Summary
Discussion of how I feel as an asexual person on Valentines Day
With Valentine’s Day on the horizon, love is in the air. My social media feeds are bursting at the seams with post after post of couples content and the inevitable doom-scrolling has come in full-force. Red and pink hearts have invaded the shelves of supermarkets. Rom-coms are everywhere.
I love the concept of Valentine’s Day, but recently it has conjured up some unique feelings within me. An odd discomfort I struggle to explain. What was once a sweet daydream, imagining dates and gifts has now become a source of a confusing ache. This, I believe, is linked to my sexuality.
I identify as asexual which is defined as a lack of sexual attraction towards others. It acts as an umbrella term for various other sexualities and identities. It isn’t the same for everyone, however, personally sex isn’t something I am interested in.

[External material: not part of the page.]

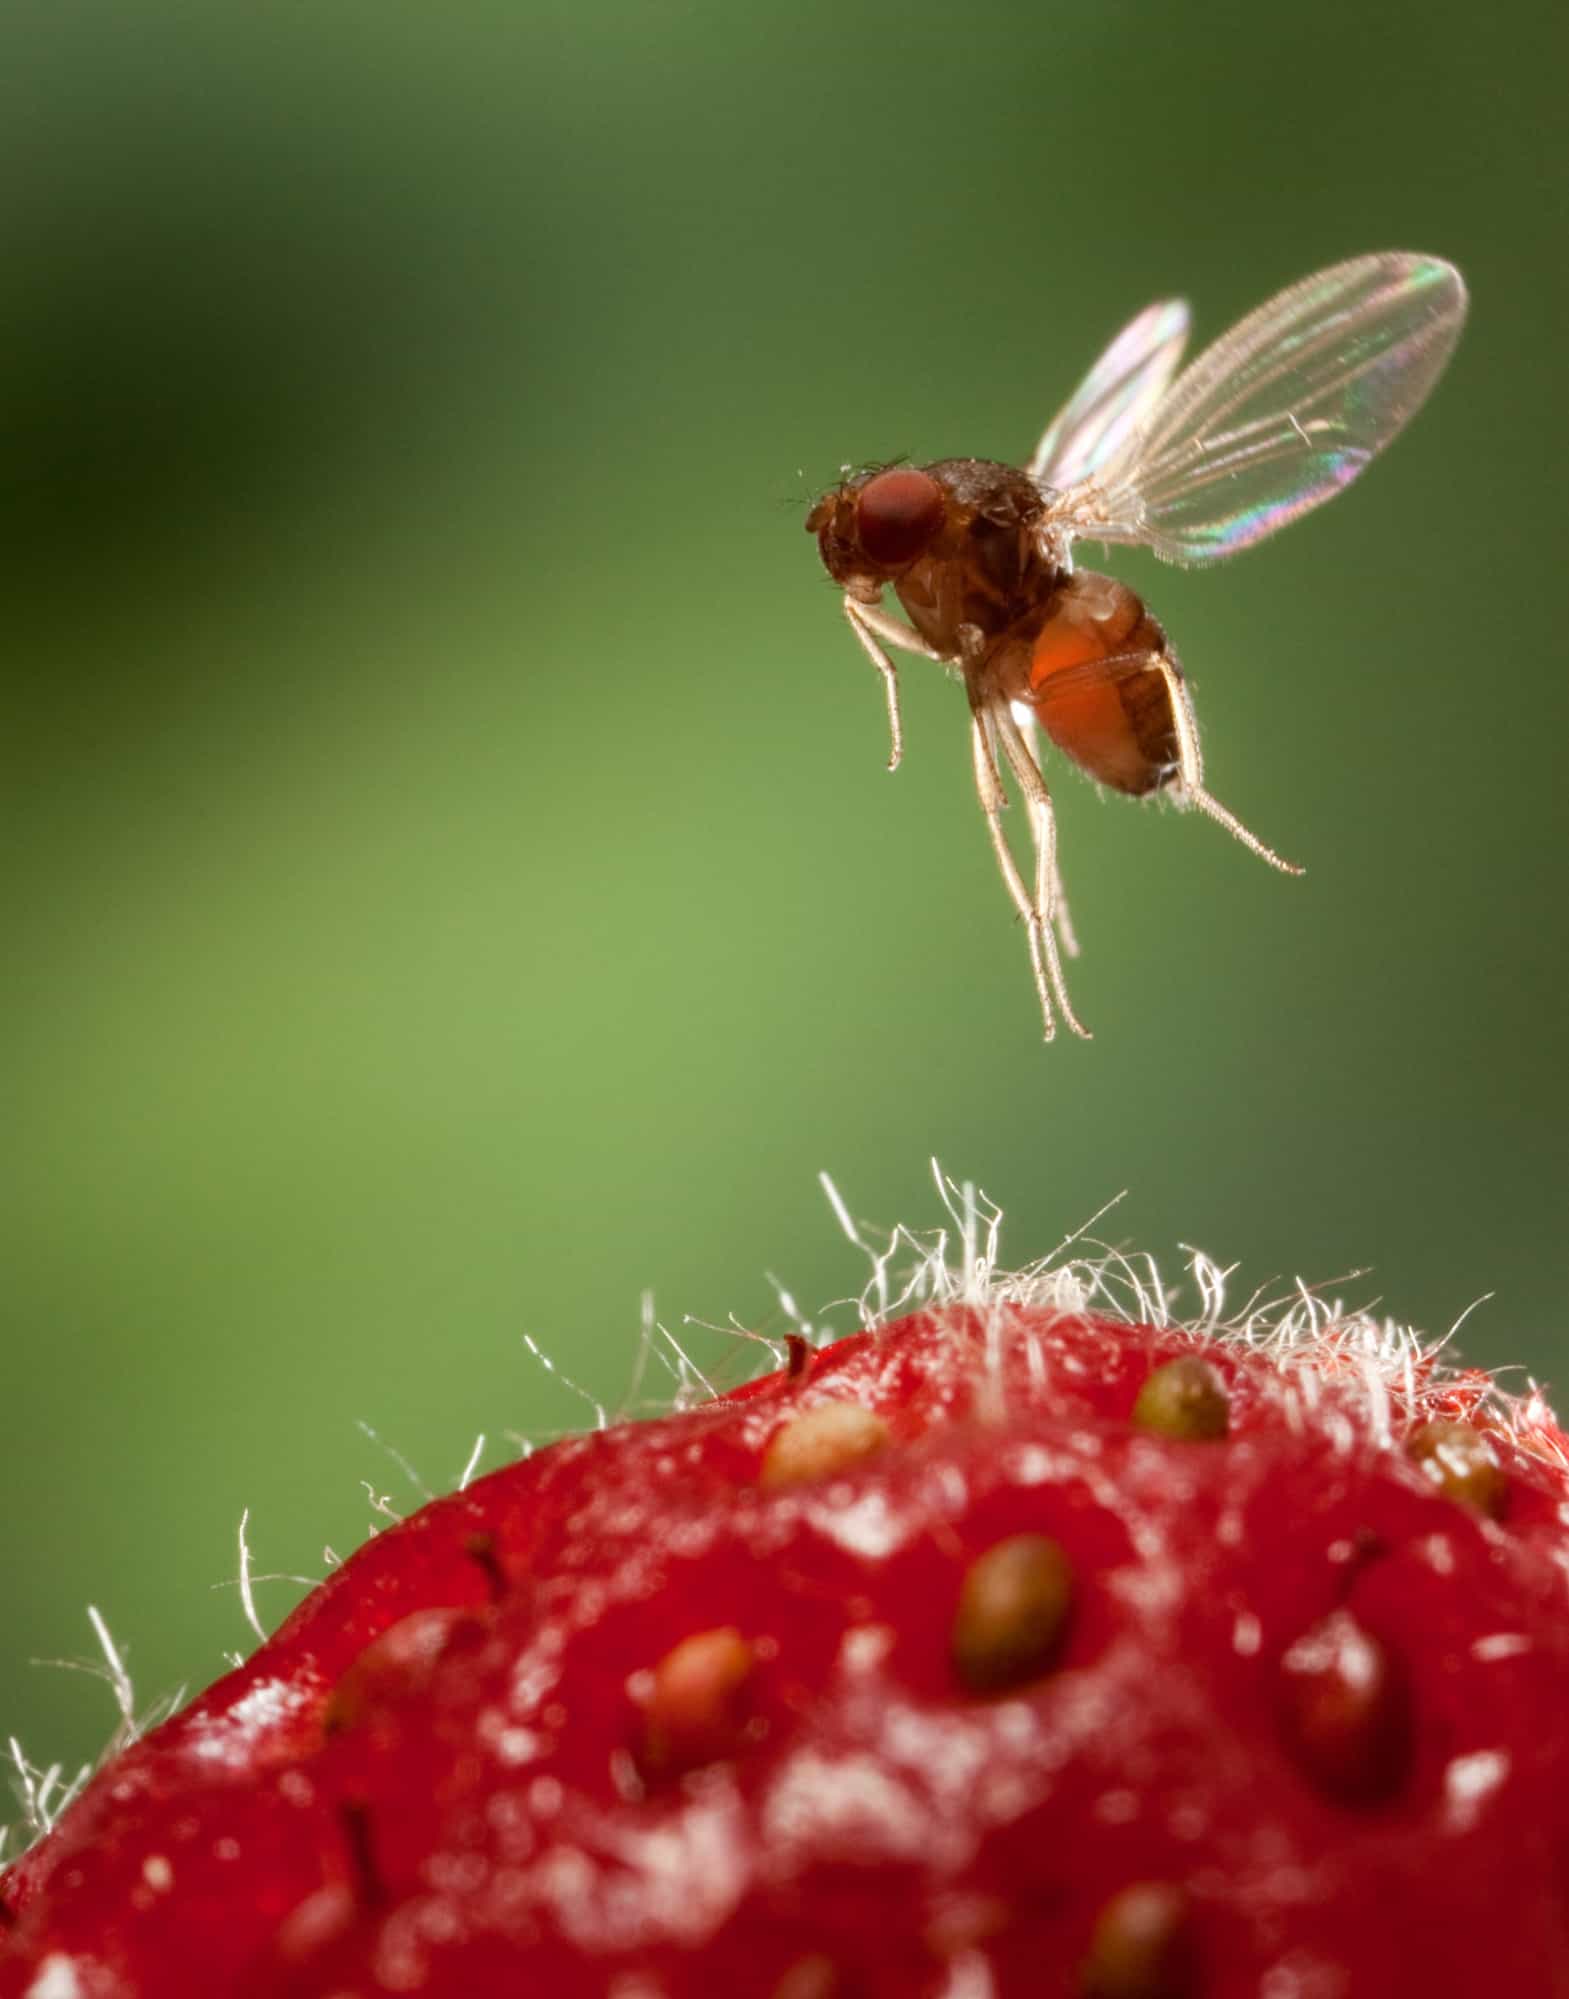 أنثى ذبابة الفاكهة مرقطة الجناح (المعروفة أيضاً باسم دروسوفيلا سوزوكي) تحلق فوق ثمرة فراولة.

This fact about myself didn’t bother me at first but as a grow older and more and more people around me are entering into relationships. My own longing is never far from my mind.
On the surface, Valentine’s Day is a very simple, innocent holiday celebrating couples. But given how intricately linked romance and sex by society it is difficult to imagine this for myself. A whole world of connection I feel outside of.
While the majority of these feelings are my own insecurities, romantic relationships are often put on a pedestal or viewed as fundamental aspect of being human. This innocent holiday starts feeling a lot less innocent and instead acts as another isolating factor.
However, Valentine’s Day isn’t going anywhere. It isn’t realistic to assume deep cultural ideals will change overnight but it is important to remind myself of what I can control.
Friendships, family, all of the relationships I cherish and the people I love. These platonic relationship are just us or even more so important to me than any romantic ones and they should be celebrated in the same way.
So this Valentine’s, I may not have a date or receive a bouquet of flowers but I will be surrounded by friends who I love deeply and who I know love me in return.